◆ WORK REQUEST
Copy every line of the data below exactly as given, except for the pictures.

◆ DATASET EXTRACT
====

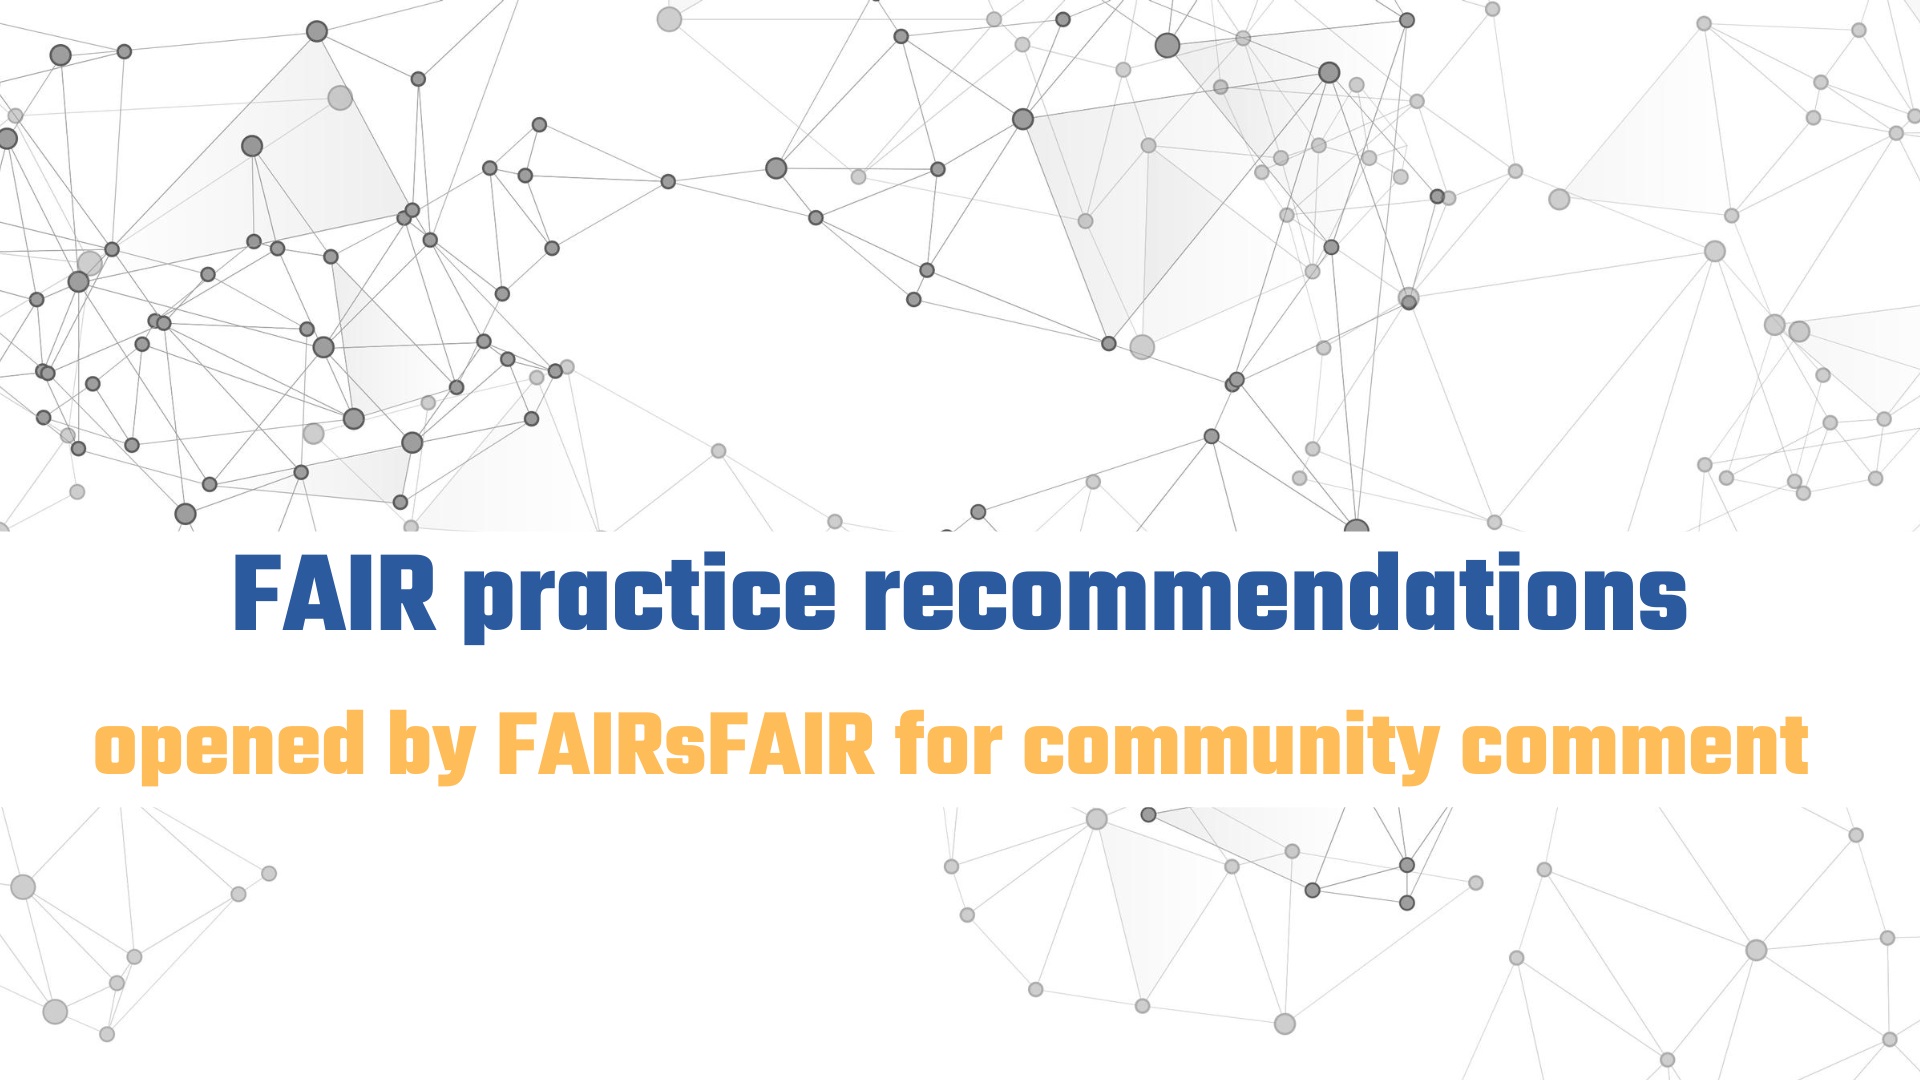 FAIR practice recommendations opened by FAIRsFAIR for community comment
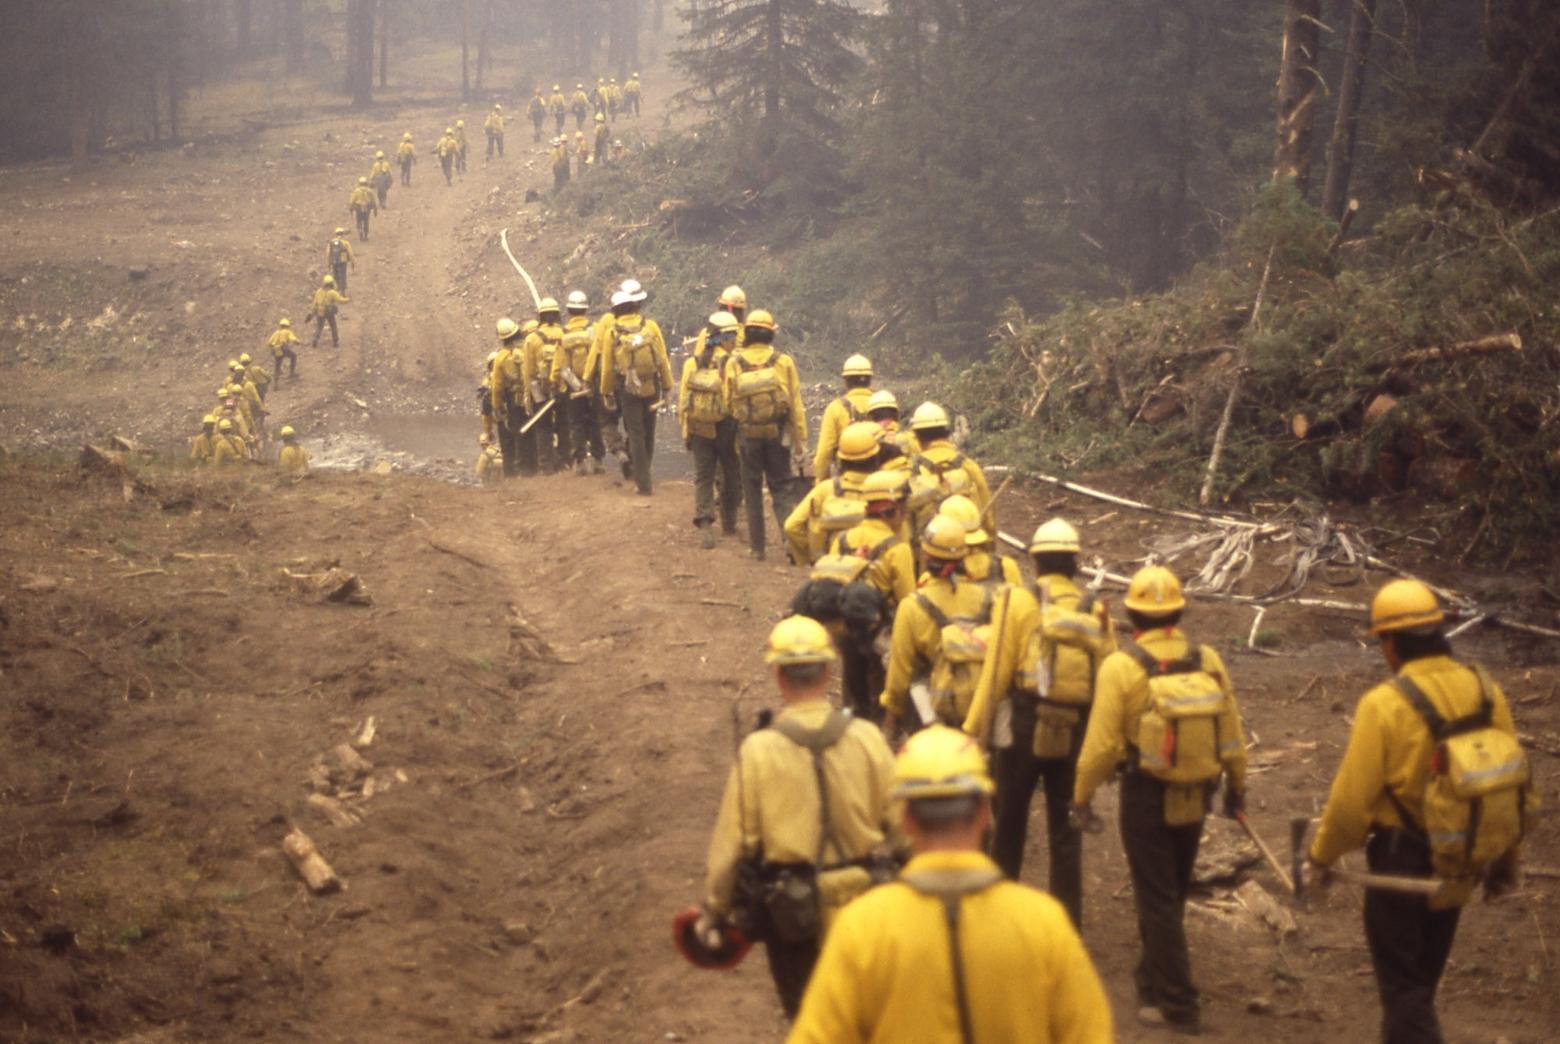 On Nov. 17, federal wildland firefighters face a pay cliff, which could cause massive workforce losses of up to 50 percent, according to the U.S. Forest Service. Here, military firefighters walk to buses near the Northeast Entrance of Yellowstone National Park during the fires of '88. Sept. 4, 1988. Photo by Jim Peaco/NPS
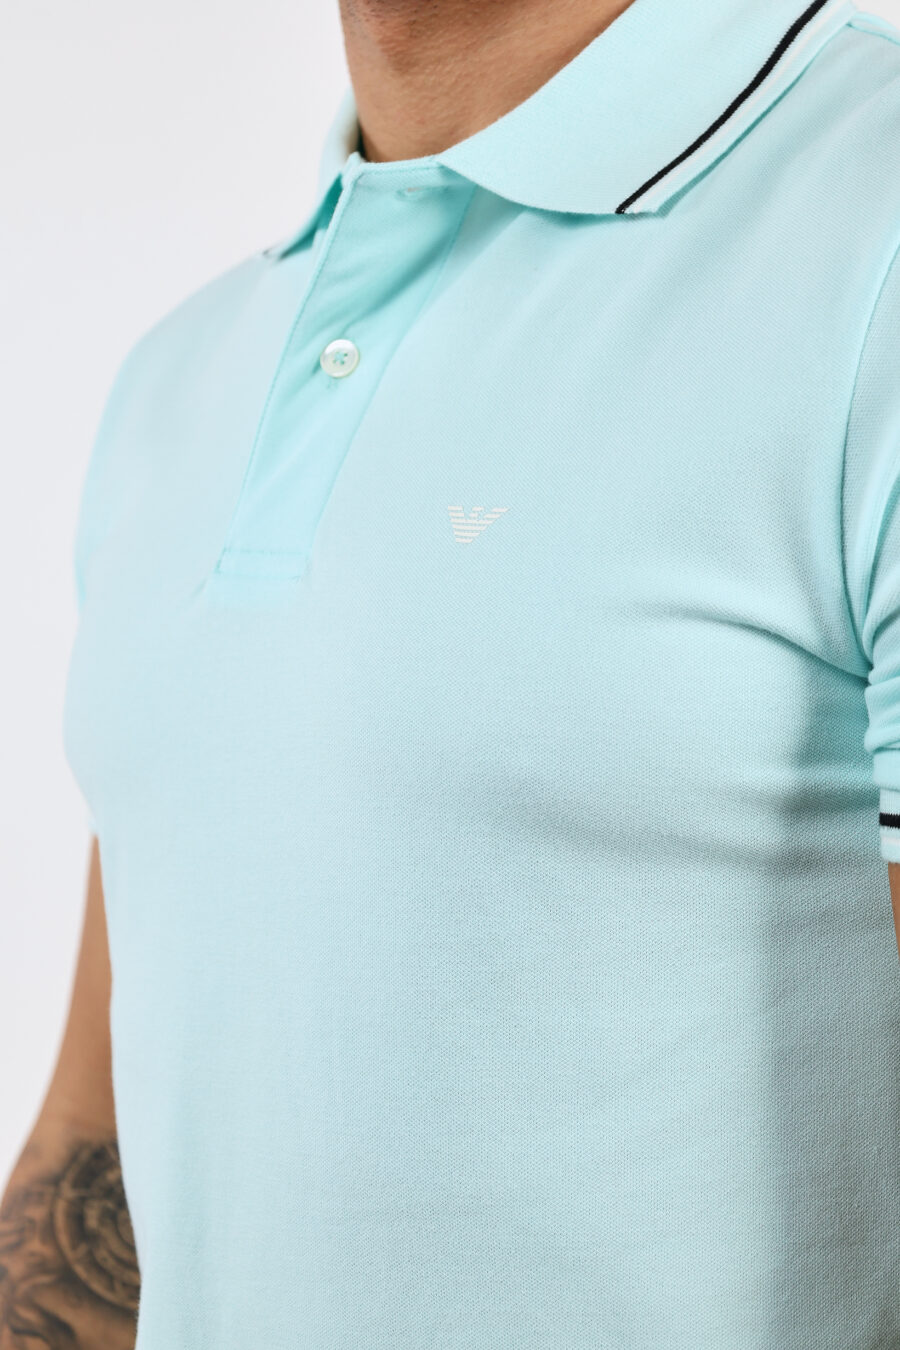 Light blue knitted polo shirt with striped collar and mini eagle logo - BLS Fashion 39
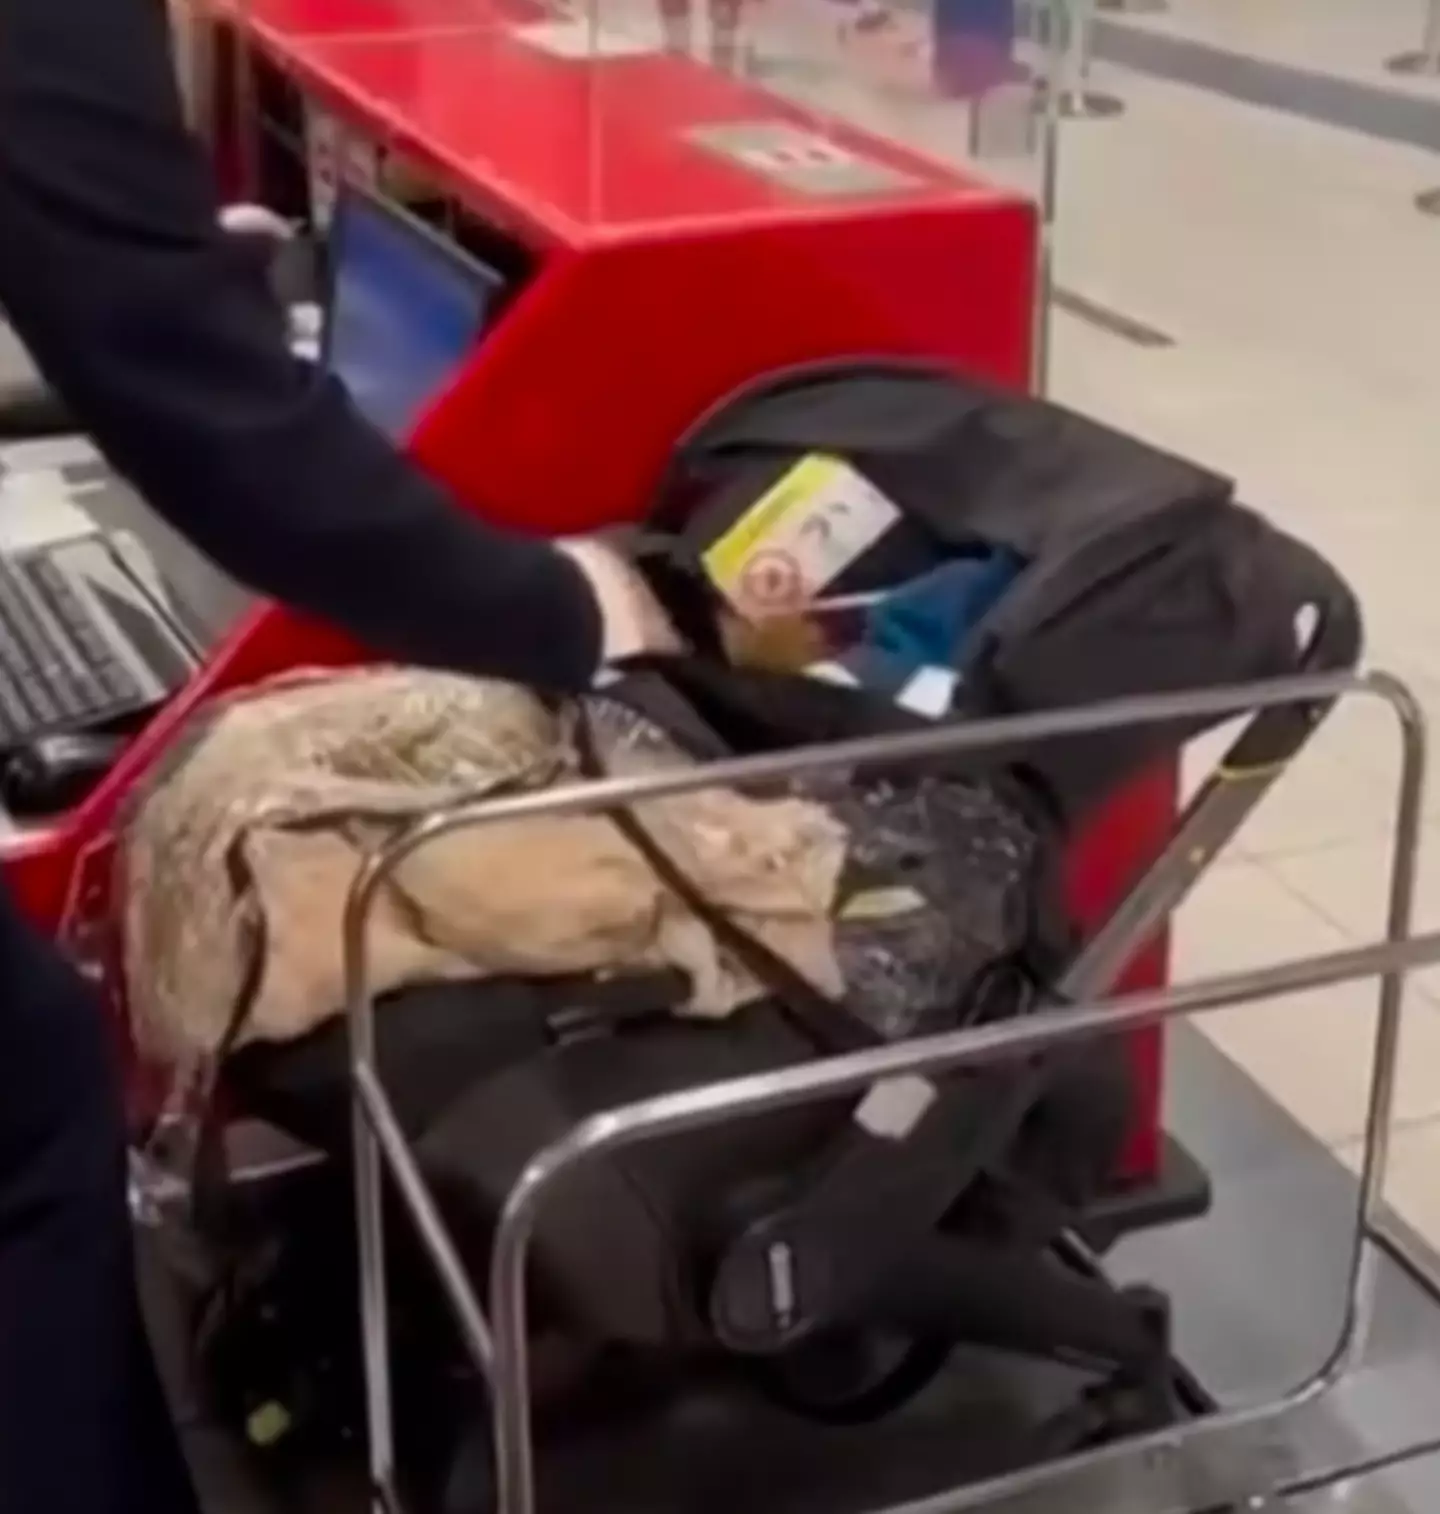 Footage shows airport staff peeling back the blanket lying on top of the baby carrier to find a baby lying underneath.

====

◆ REPLY
 FAIR practice recommendations opened by FAIRsFAIR for community comment
 On Nov. 17, federal wildland firefighters face a pay cliff, which could cause massive workforce losses of up to 50 percent, according to the U.S. Forest Service. Here, military firefighters walk to buses near the Northeast Entrance of Yellowstone National Park during the fires of '88. Sept. 4, 1988. Photo by Jim Peaco/NPS
 Light blue knitted polo shirt with striped collar and mini eagle logo - BLS Fashion 39
 Footage shows airport staff peeling back the blanket lying on top of the baby carrier to find a baby lying underneath.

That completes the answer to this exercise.